Experimentation. There’s a concept we could really benefit from in philosophy, politics, diplomacy. Whatever happened to the scientific method? Most international actions are justified by precedent, tradition, and principles that are universal to playground bullies. What about something different for a change? Testing various possibilities to see what a new outcome would look like? Replacing current methods of conflict resolution with, say, a best-of-seven chess series? Just to see if that reduces strife in any way.
I’m obviously getting carried away here. Even if an agreement to play chess would save a million lives, no one’s going to actually do it. That would just be crazy-talk. The macho principles of status quo leaders and words like “realism” and “realpolitik” and “real stupid” make sure that hope stays well out of reach for those who care in this world.
The overarching point is that we have all the tools we need to fix everything. They’re located between the crowns of our heads and the roofs of our mouths, and despite all evidence to the contrary, we all have them.
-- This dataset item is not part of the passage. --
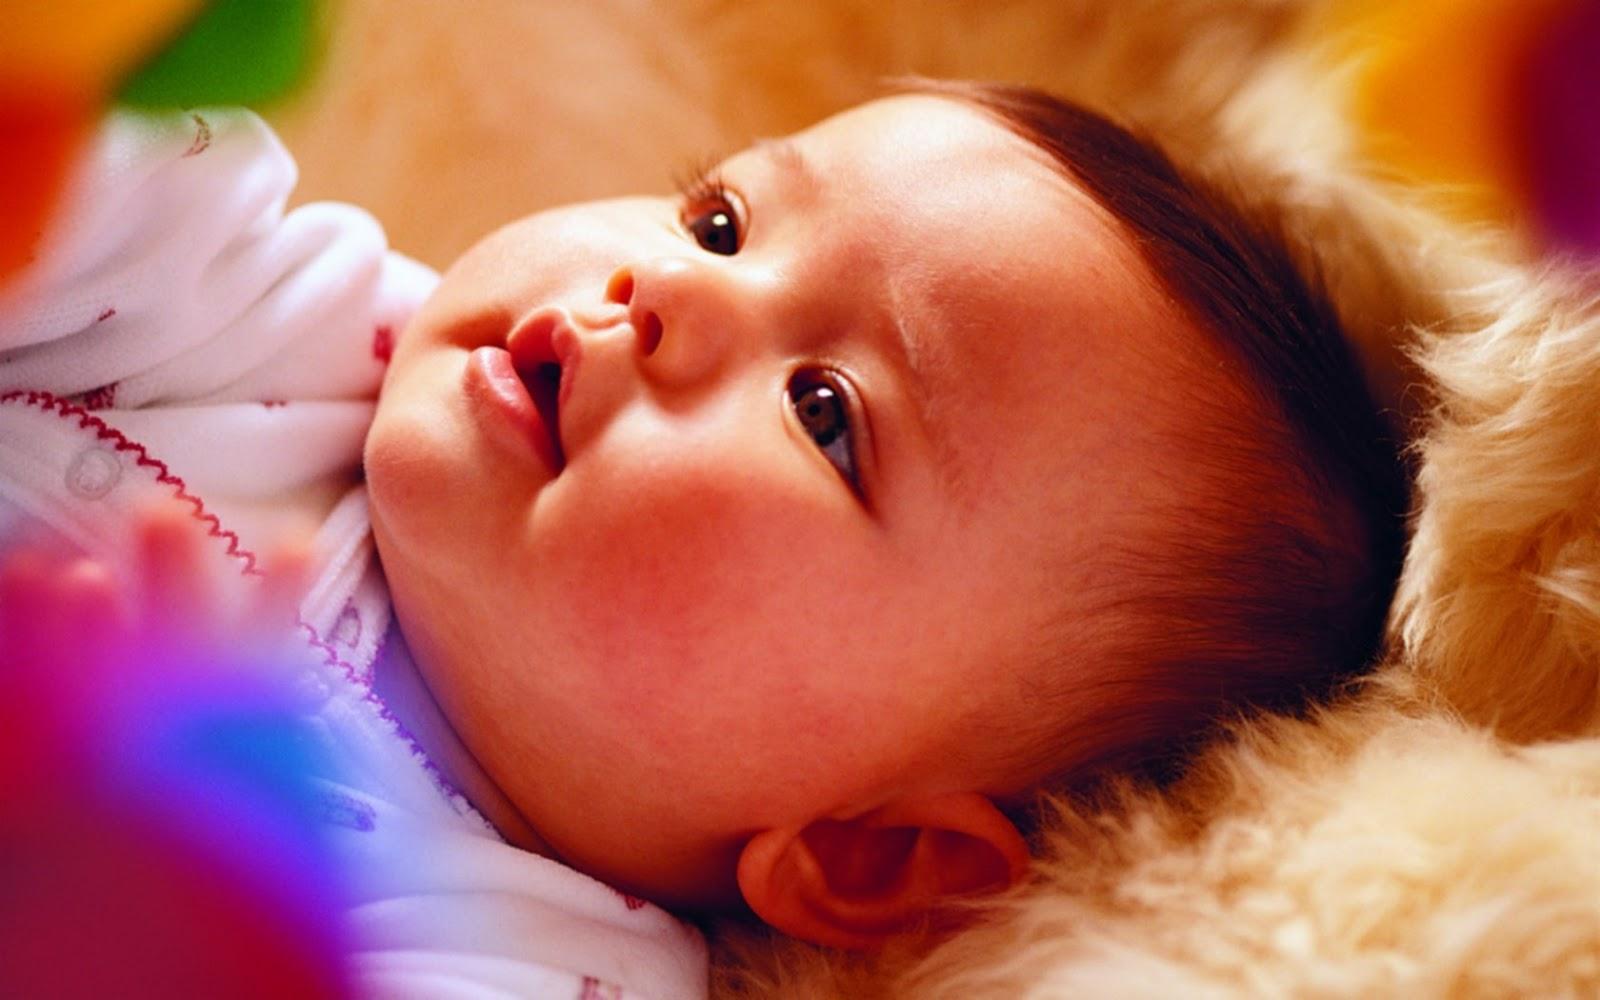 Cute Baby Wallpapers Hd: Cute Baby HD Wallpaper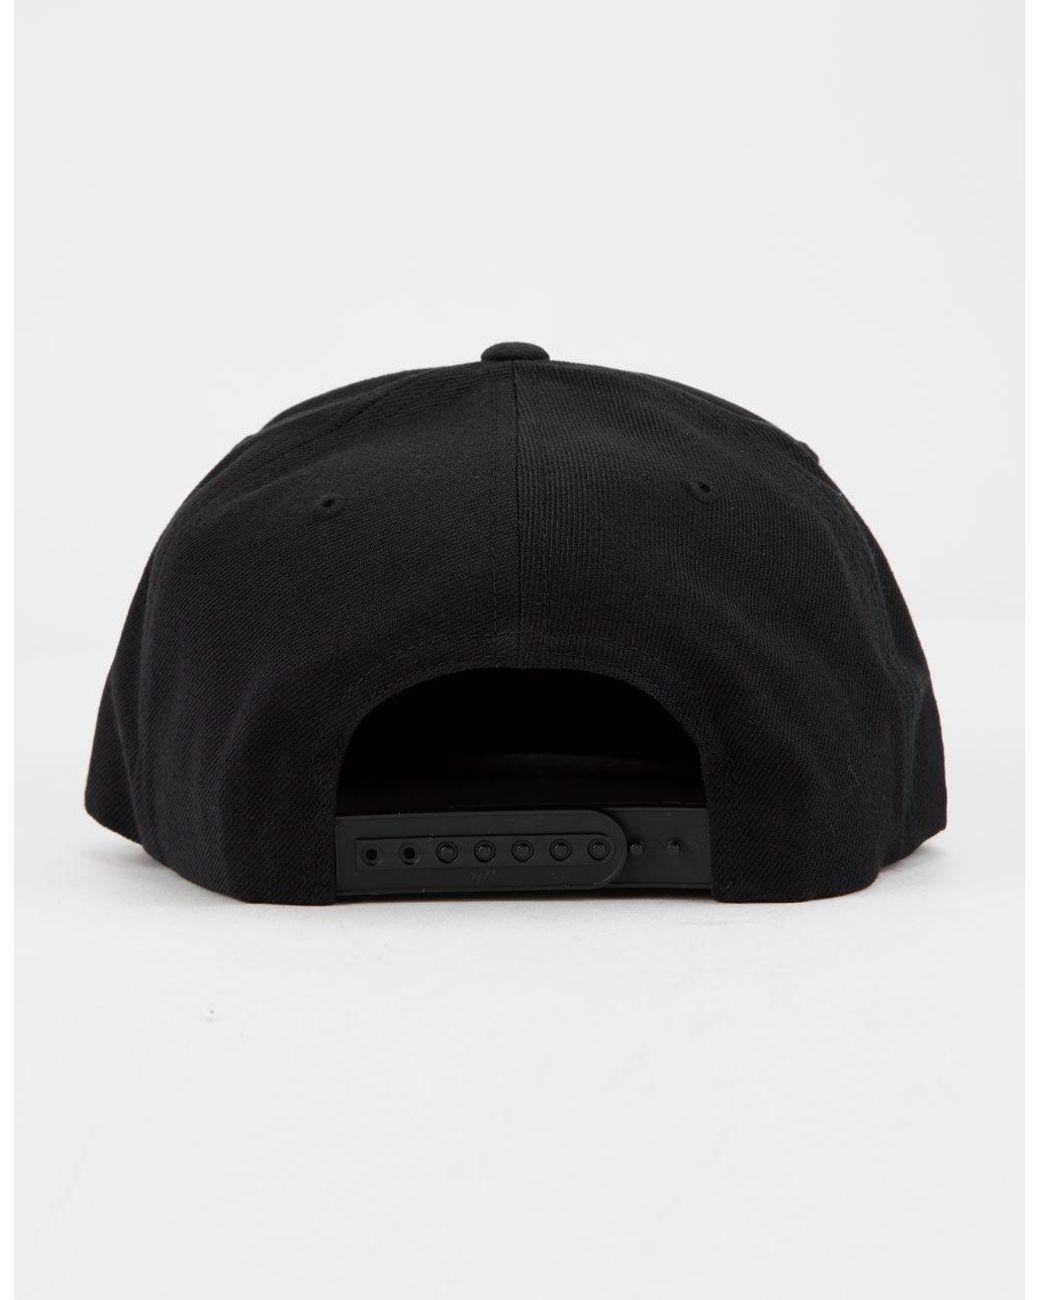 6995d7e7dacf41 Rip Curl Valley Badge Black Mens Snapback Hat in Black for Men - Lyst

The only thing we need on top of that is the will. The will to do something differently, to change it up, to take a leap of faith while banking on the unprecedented and almost incomprehensible ability of the human perspective to adapt and change. And the only evidence for all this faith and hope anyone should need is a history book. Look at what we can do now that we couldn’t do then. Are you really telling me we couldn’t apply that progress to improvements in peace, equality, and spiritual fulfillment?
You gotta want it. It’s our only hope.